La présidente de la République Eikaterini Sakellaropoulou a quant à elle salué "un créateur grec et en même temps universel, un atout inestimable de notre culture musicale (...) qui a dédié sa vie à la musique, aux arts, à notre pays et à ses habitants, aux idées de liberté, de justice, d'égalité, de solidarité sociale".

"Avec une profonde émotion et des applaudissements incessants, nous disons au revoir à Mikis Theodorakis, activiste-créateur, leader et pionnier d'un nouvel art combatif en musique", a déclaré jeudi le parti communiste grec.

Le fameux sirtaki de "Zorba le Grec"

La composition qui a rendu célèbre Mikis Theodorakis et qui a fait le tour du monde est celle que l'on peut entendre dans le film "Zorba le Grec" de Michael Cacoyannis sorti en 1964. Dans la scène finale devenue mythique, les acteurs Anthony Quinn et Alan Bates dansent un sirtaki sur une plage.

"Cacoyannis est venu un jour me dire: demain, nous tournerons la scène finale. Pour elle, j'ai besoin d'une danse lente, d'un hassapiko, qui deviendra de plus en plus rapide. Nous tournerons la scène en playback", racontait à propos de ce titre Mikis Theodorakis sur un site internet qui lui est consacré.

"Je vais avec trois musiciens dans le studio et reprends une mélodie d'un autre film: 'Faubourg des rêves', une danse crétoise qu'Anthony Quinn aimait beaucoup, et j'en ai fait une improvisation, toujours avec l'idée d'écrire plus tard une composition spécifique pour la scène. Mais quand nous voyons le résultat, la danse sur cet air est tellement irrésistible que nous n'y changeons plus rien", poursuivait-il.

Depuis, le thème principal de la bande originale du film est devenu l'air de musique grecque le plus connu au monde. Il symbolise ce pays jusqu'au cliché tout en contribuant à populariser le bouzouki et ouvrant la voie à un intérêt croissant pour la musique grecque et notamment pour le "rebetiko", musique lente et triste.
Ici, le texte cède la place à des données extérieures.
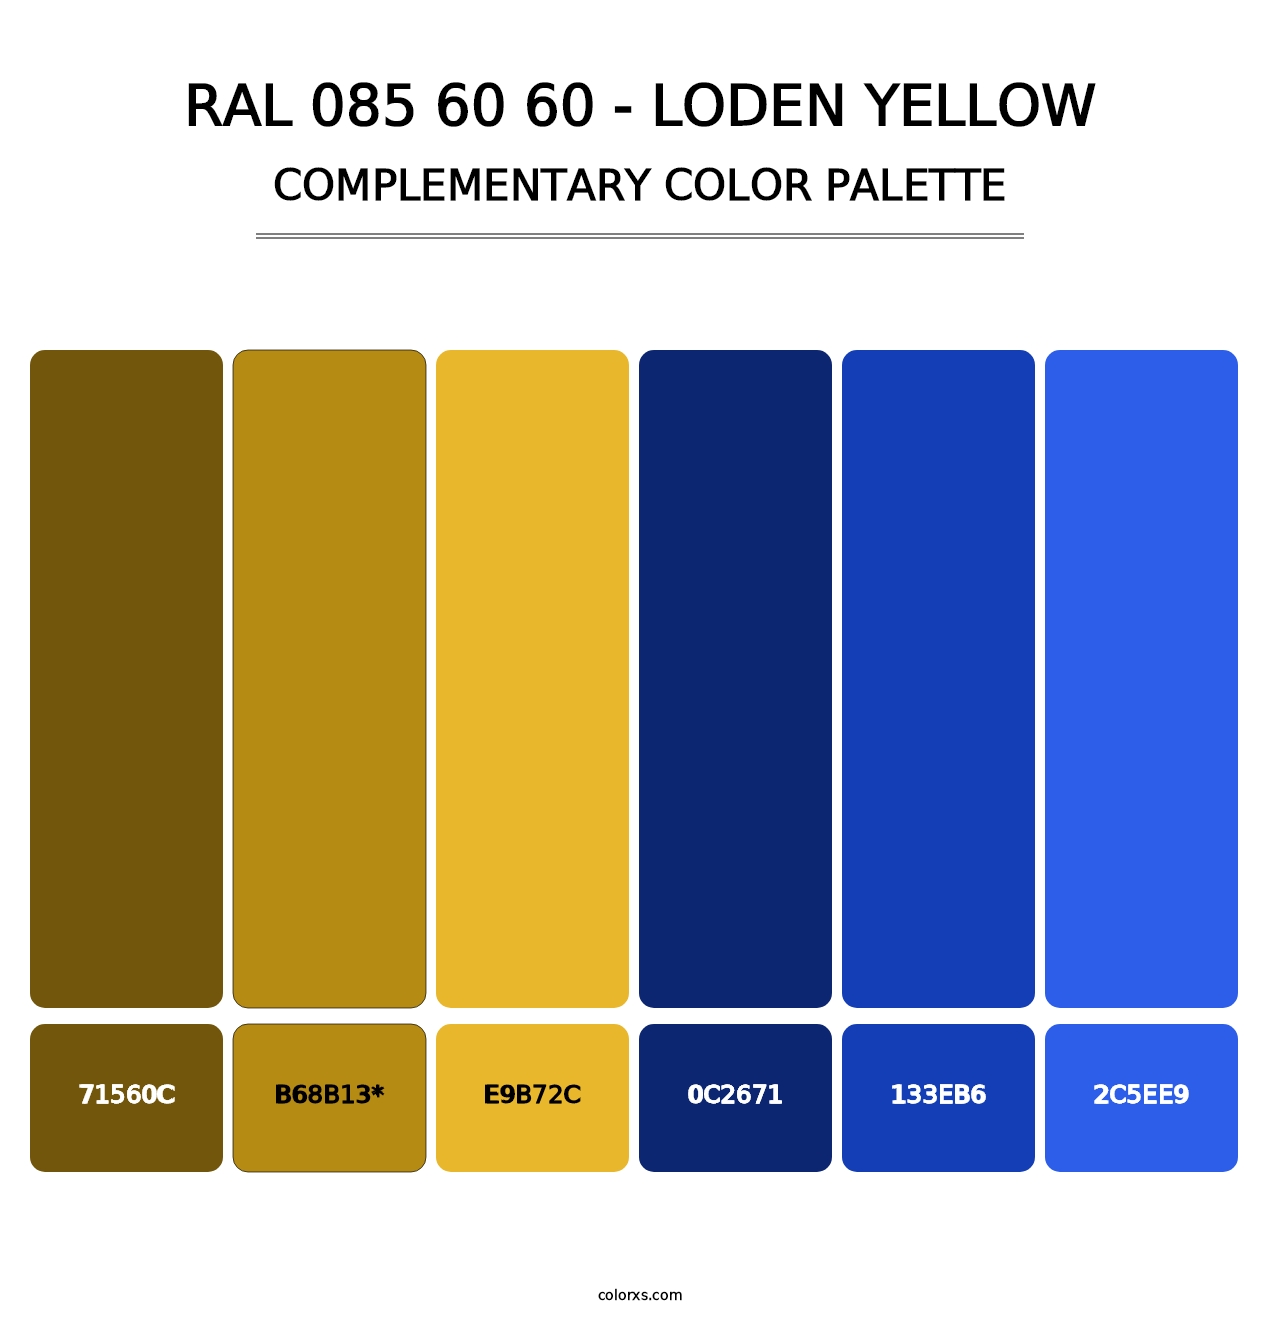 RAL 085 60 60 - Loden Yellow - Complementary Color Palette

>> Les précisions dans le 12h30 :

Le compositeur et résistant grece Mikis Theodorakis. Ici en 2015. [AFP - Orestis Panagiotou]AFP - Orestis Panagiotou
Le compositeur Mikis Theodorakis est décédé à l’âge de 96 ans / Le 12h30 / 1 min. / le 2 septembre 2021

Symbole de la résistance

Mikis Theodorakis est aussi devenu le symbole de la résistance en Grèce à travers les époques. Engagé auprès des communistes au cours de la guerre civile qui éclate en Grèce à la suite du second conflit mondial, il est déporté dans l'île-bagne de Macronissos, où il est torturé.

Dès le début de la dictature des Colonels, qui démarre le 21 avril 1967, Theodorakis est arrêté. En 1969, alors qu'il est toujours emprisonné, le réalisateur Costa-Gavras fait appel à lui pour faire la musique de "Z", un film en forme de réquisitoire contre les dictatures et qui raconte l’histoire vraie de l’assassinat du député grec Grigoris Lambrakis en mai 1963.

Sous pression de la communauté internationale, la junte est finalement contrainte de laisser partir, à Paris.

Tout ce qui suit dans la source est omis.